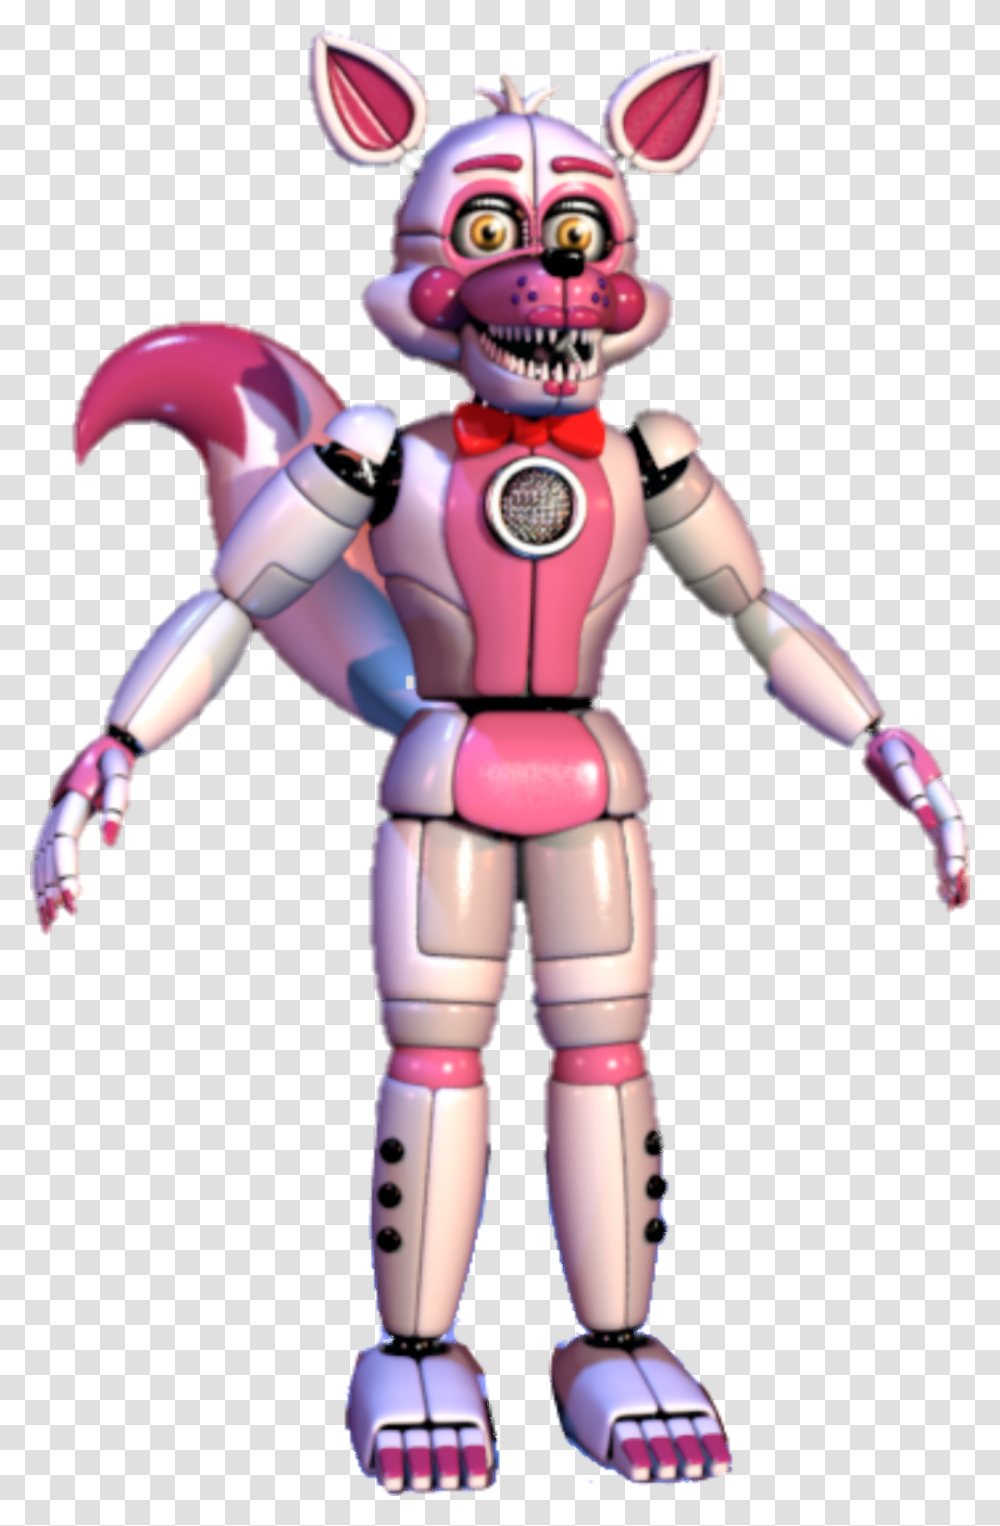 Funtime Foxy Full Body By Thatfnafgamer Ballora And Funtime Foxy Transparent Png
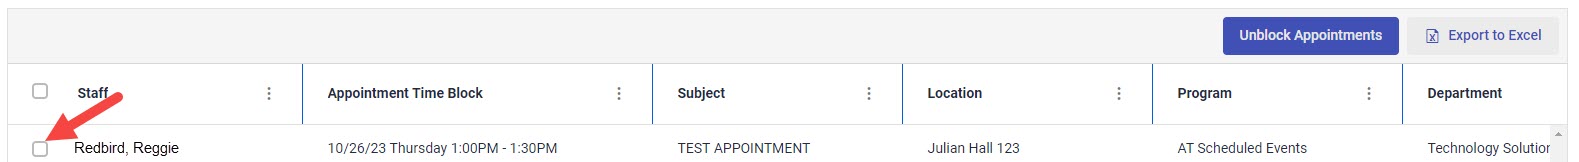 Checkbox next to blocked appointment to unblock
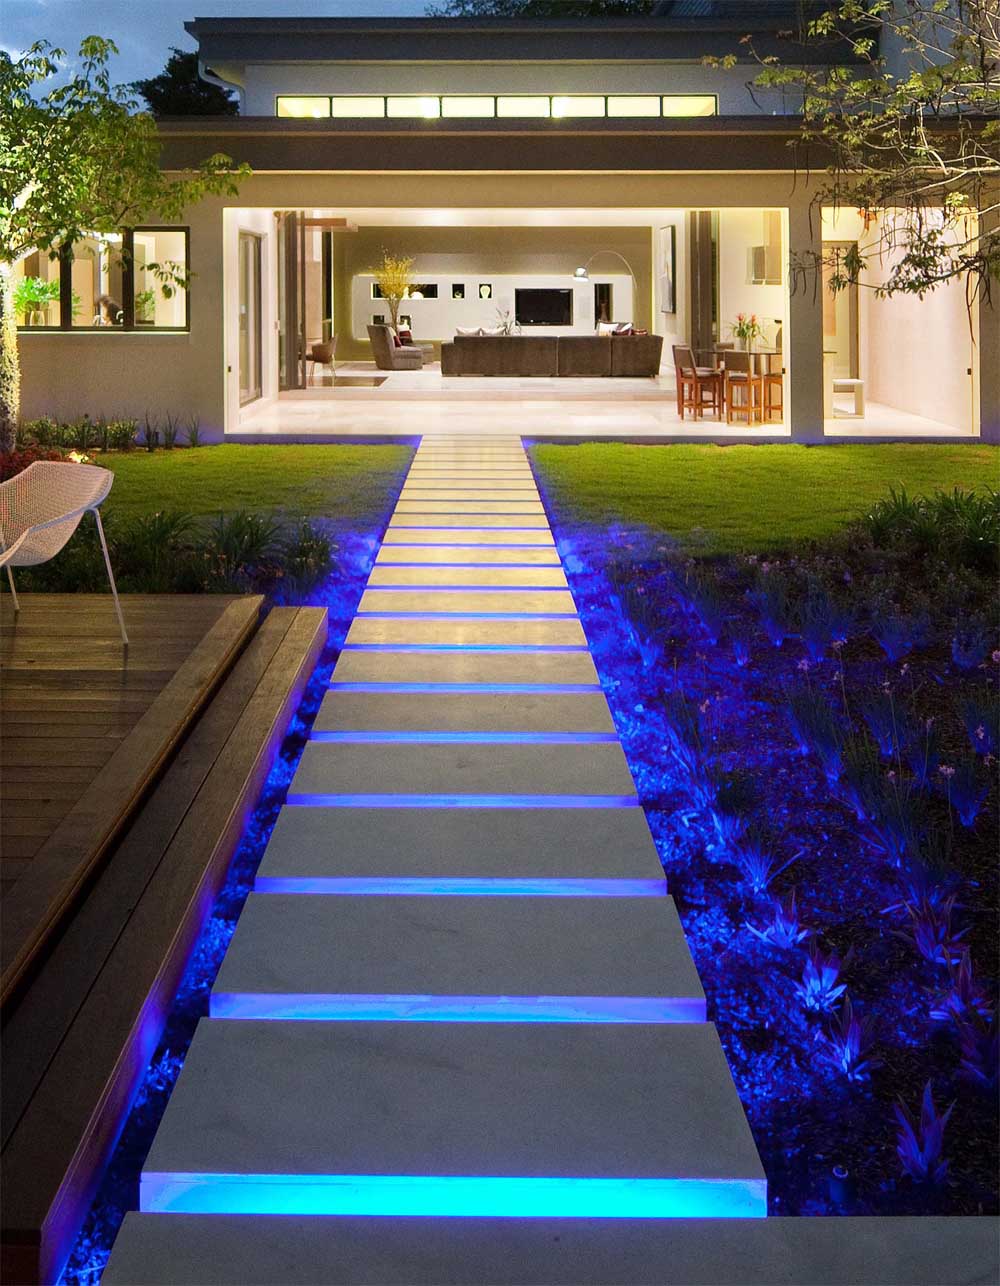 led-lighting-steps LEDs 10 uses in Architecture

+--

**PROBLEM DETAILS**. Please copy the data above character for character, skipping any pictures.

**RESULT OF THIS EXERCISE**.
 Funtime Foxy Full Body By Thatfnafgamer Ballora And Funtime Foxy Transparent Png
 Checkbox next to blocked appointment to unblock
 led-lighting-steps LEDs 10 uses in Architecture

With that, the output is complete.